_TO DO_
When you reach the line containing "Dagon Launch - Melbourne, Australia", please repeat it and every line after it exactly, through the end of the listing below, skipping pictures.

_DATA BELOW_
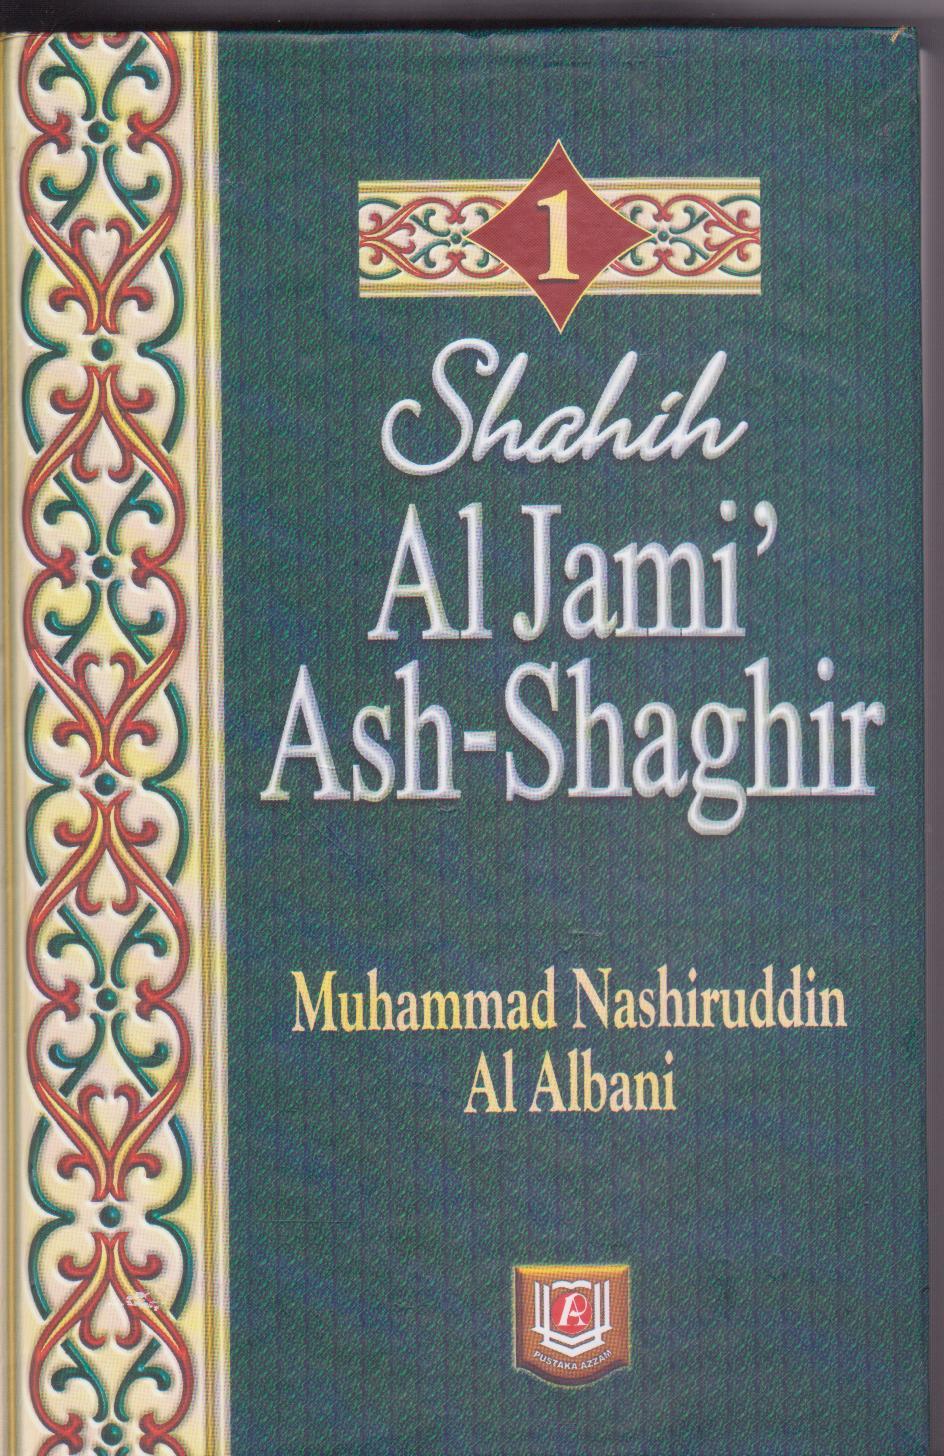 http://1.bp.blogspot.com/_6mObCzDReWI/TFkvJZFghcI/AAAAAAAAAz0/gNY2Cqn89wA/s1600/Shahih+Al+Jami%27+Ash-Shaghir+1.jpg
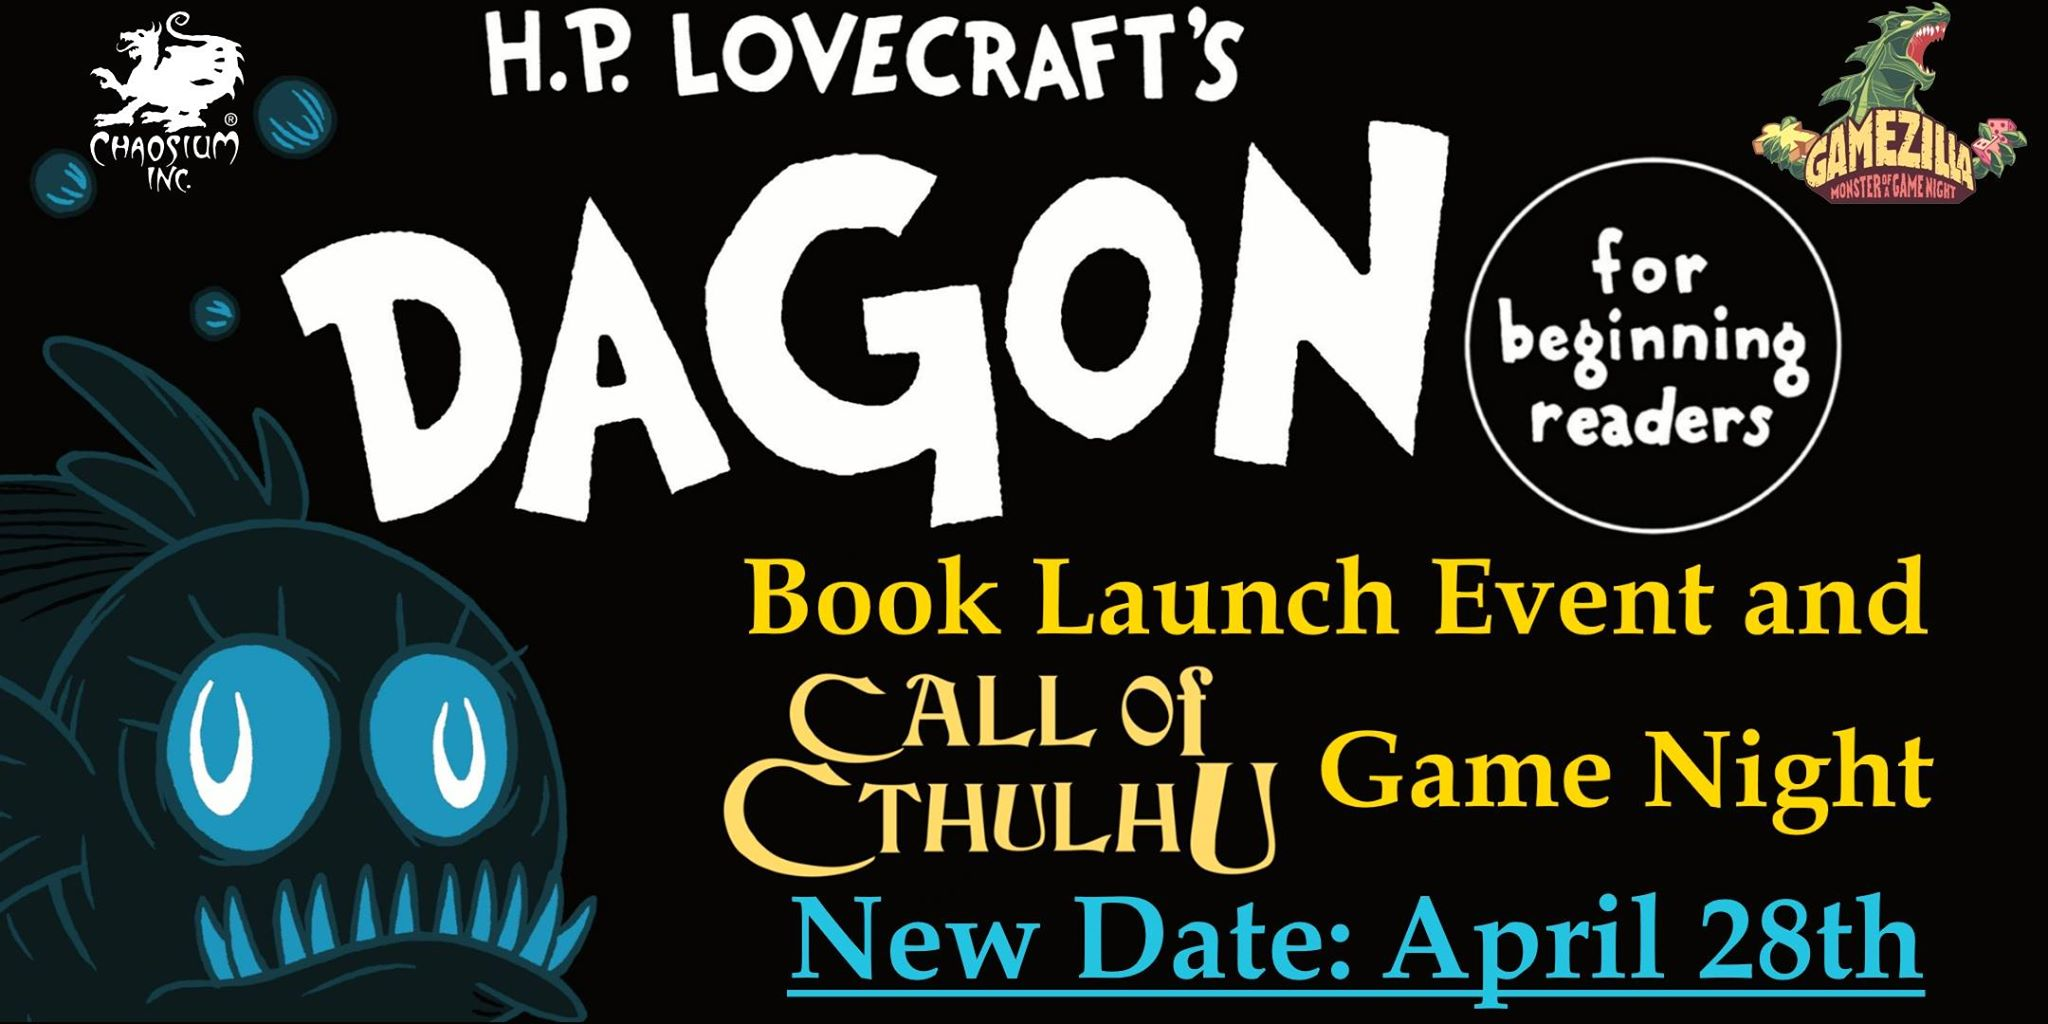 Dagon Launch - Melbourne, Australia April 28th
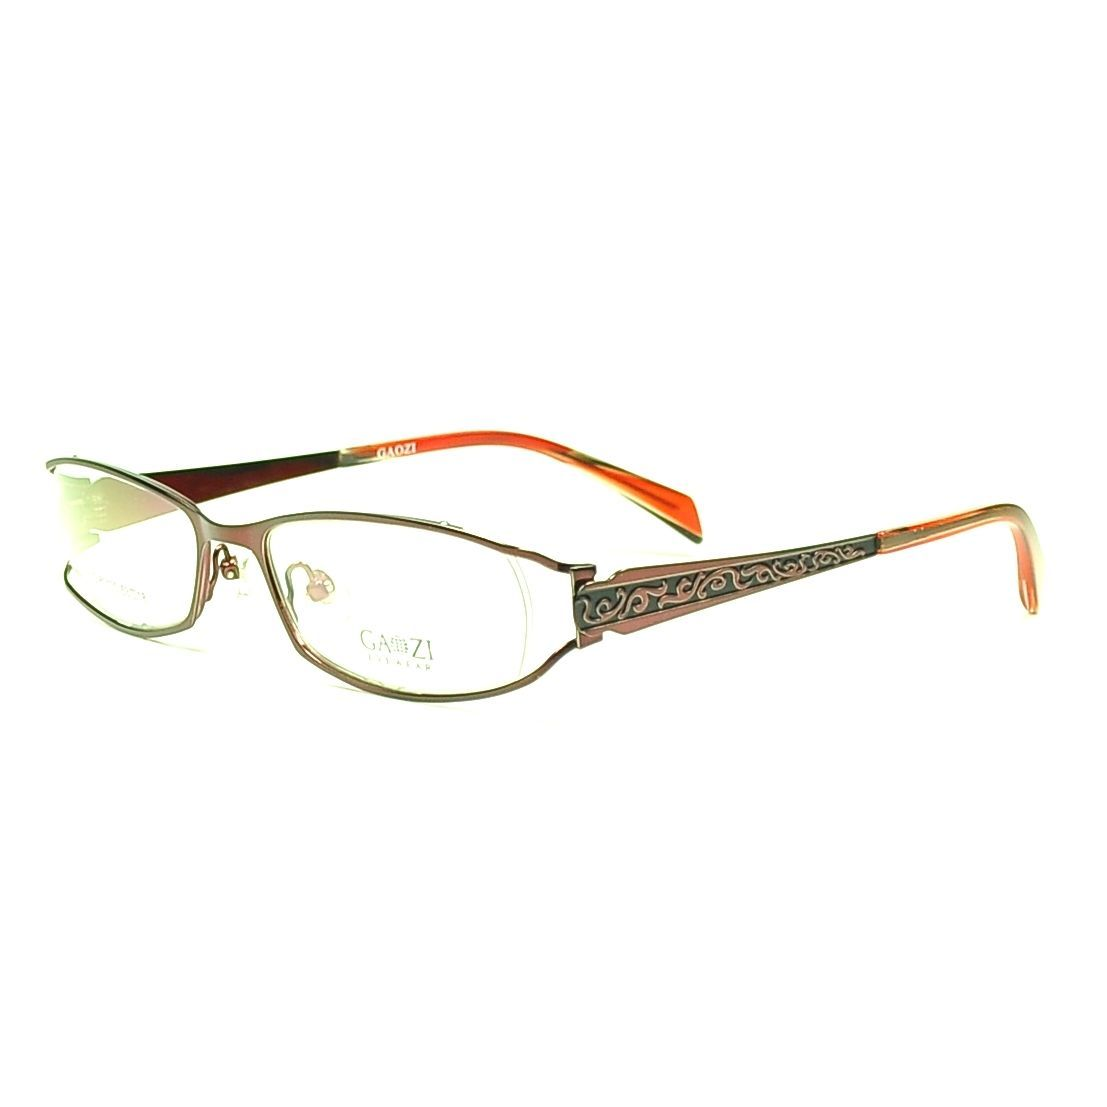 ffeab67082d1 Classic Eyeglasses For Women

_COMPLETED TASK_
 Dagon Launch - Melbourne, Australia April 28th
 ffeab67082d1 Classic Eyeglasses For Women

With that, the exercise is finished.